Texto: Laura Rocha Fotos: Divulgação

Em 1962, quando Bonora afastou-se do trabalho, os irmãos, então com 17 e 14 anos de idade, fundaram sua própria empresa de vidros, a Antonio Molinari e Filhos, que com o aumento progressivo da produção e crescimento dos negócios mudou-se para uma instalação maior e assumiu a razão social de Cristais São Marcos, como é até hoje conhecida. A exemplo dos italianos, os brasileiros Molinari também transferem o conhecimento e a habilidade na arte vidreira de geração para geração – hoje, filhos, sobrinhos e até netos já estão envolvidos e seduzidos pela magia do vidro. “O meu objetivo pessoal é conseguir transmitir aos meus filhos, sobrinhos e genros, a continuidade de nossos negócios com a mesma seriedade e com o mesmo sucesso que conseguimos atingir”, afirma Antonio Carlos Molinari. “As perspectivas para nossa empresa é que consigamos consolidar o nome e a qualidade dos produtos da Cristais São Marcos no mercado externo com a mesma força que hoje temos no mercado nacional”.

André Leonel

Técnica preservada

Mesmo as mais antigas peças produzidas em Murano apresentam-se atuais, uma façanha que se deve à sensibilidade dos mestres em acompanhar a evolução dos estilos de decoração. Ao entardecer, prepara-se a fornace (o forno) para operar no dia seguinte, colocando-se nela os elementos químicos que formam o vidro, que passarão a noite fundindo-se a uma temperatura entre 1.400 e 1.500°C, para que os mestres tenham uma pasta líquida para modelar pela manhã. Durante o dia, a temperatura da fornace baixa 1.150°C, para que a massa seja mantida adequada para a modelagem. O carvão e a lenha foram substituídos por gás metano.

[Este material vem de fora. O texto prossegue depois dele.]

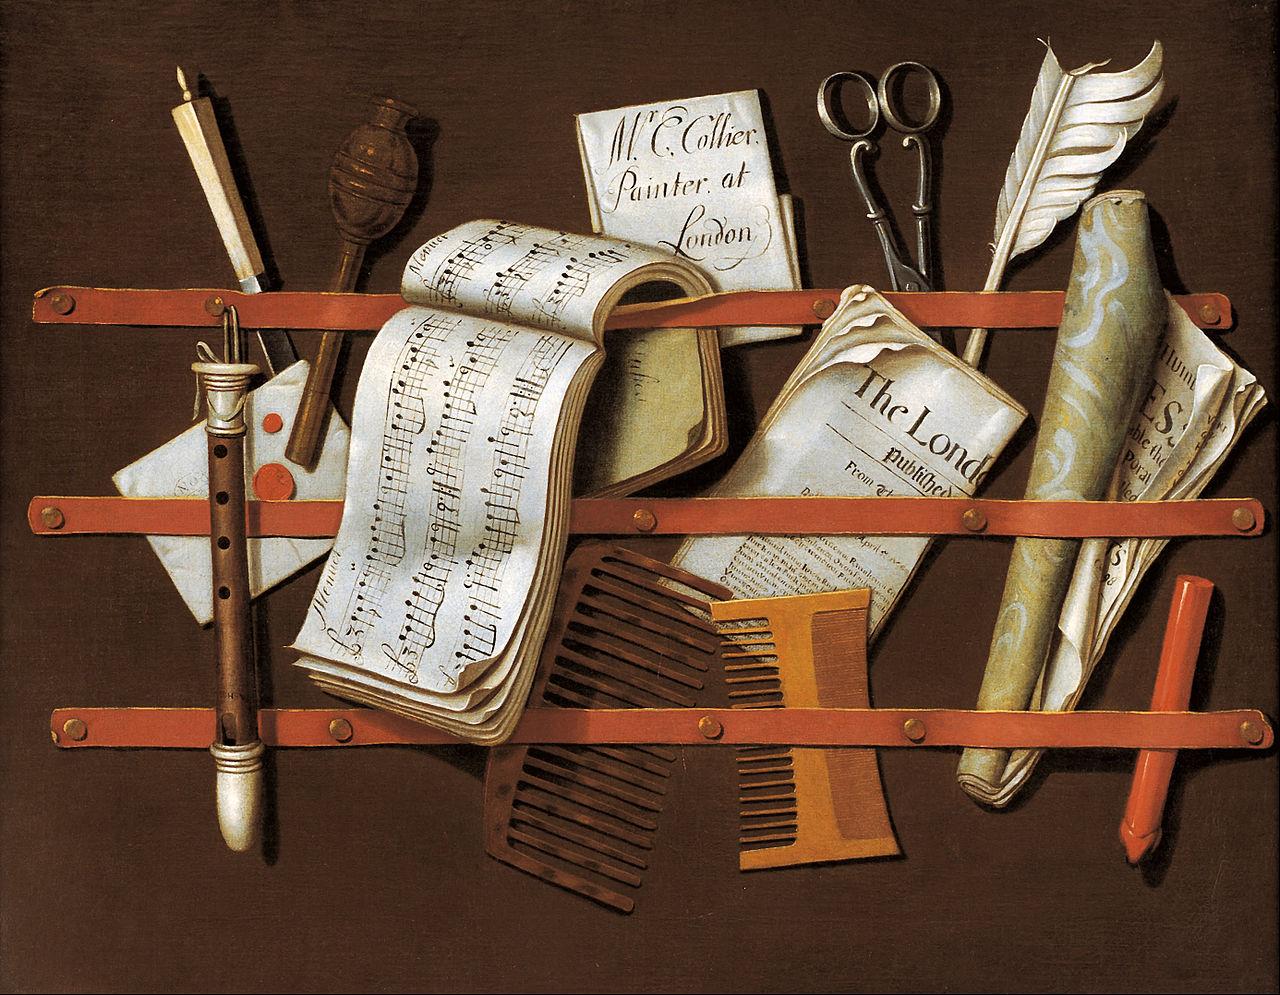 https://upload.wikimedia.org/wikipedia/commons/thumb/6/64/Edward_Collier_-_Letter_rack_-_Google_Art_Project.jpg/1280px-Edward_Collier_-_Letter_rack_-_Google_Art_Project.jpg

A produção de vidros e cristais numa fornace utiliza, principalmente, a técnica do soffiato, ou trabalho a sopro, empregada na execução de garrafas, lustres, taças, pratos e vasos, por exemplo, e a técnica manual das esculturas e demais objetos sólidos em seu interior.

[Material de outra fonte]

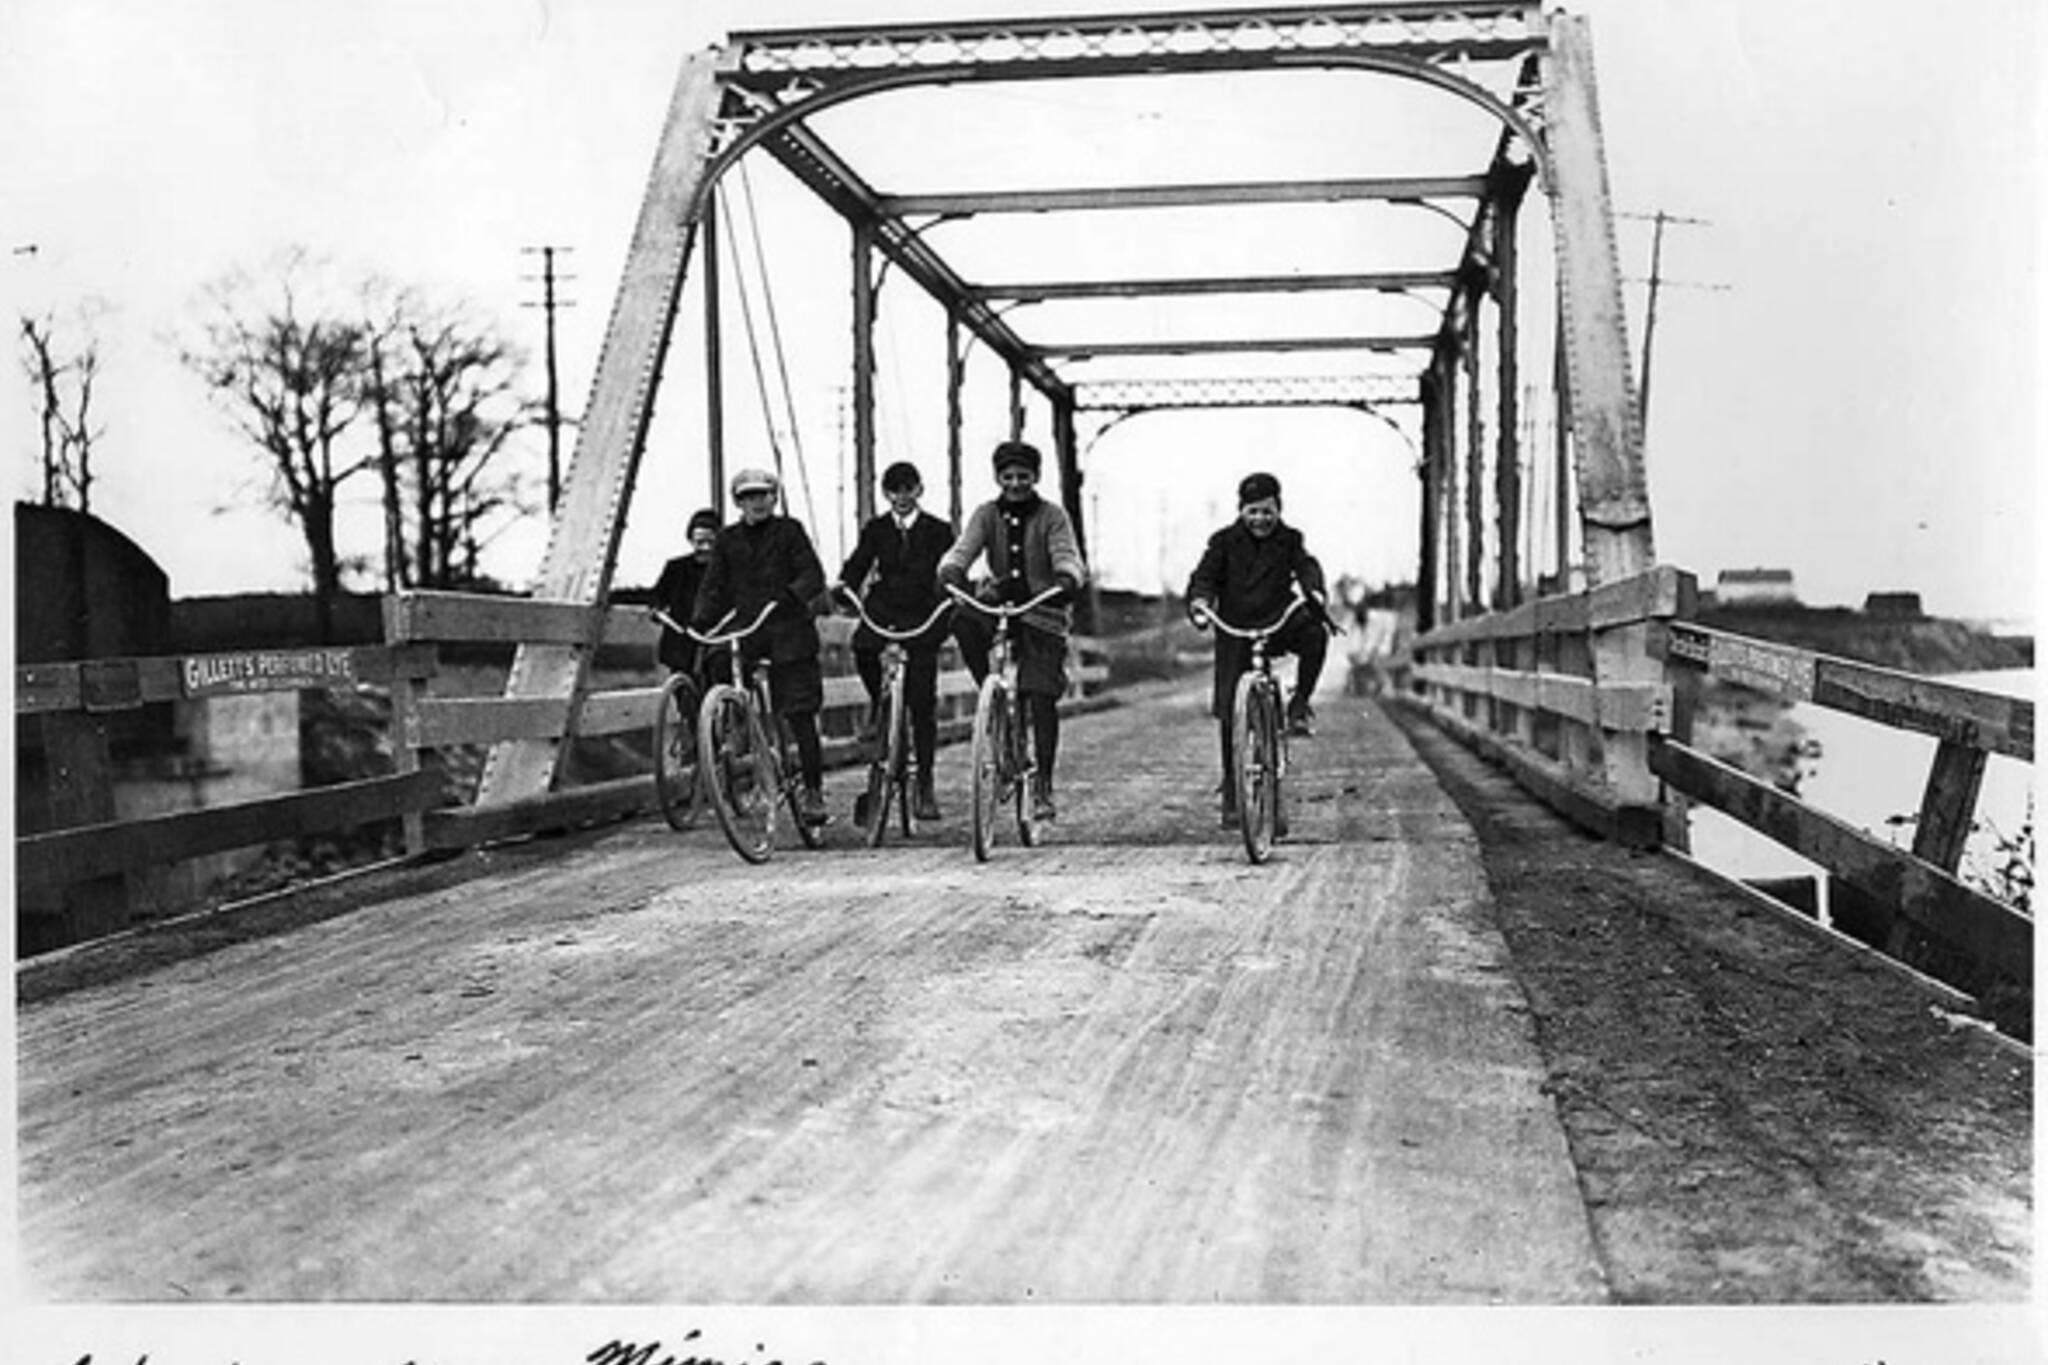 History Cycling Toronto

Da adição de óxidos metálicos à massa de sílica, carbonato de sódio, carbonato de cálcio, nitrato e arsênico obtém-se as variações de cores dos vidros: cobalto para azul, cromo para verde, cádmio para amarelo, selênio para vermelho e manganês para o lilás. Uma das mais típicas e nobres cores utilizadas no trabalho de Murano, o rubino, é obtida com a adição do selênio e micros de ouro à massa vítrea.

Finda a modelagem, as peças são levadas para um forno de resfriamento, com temperatura em torno de 400°C, onde permanecem de 12 a 24 horas até se obter a queda gradual da temperatura. A etapa seguinte à retirada das peças desse forno é a de catalogação para venda.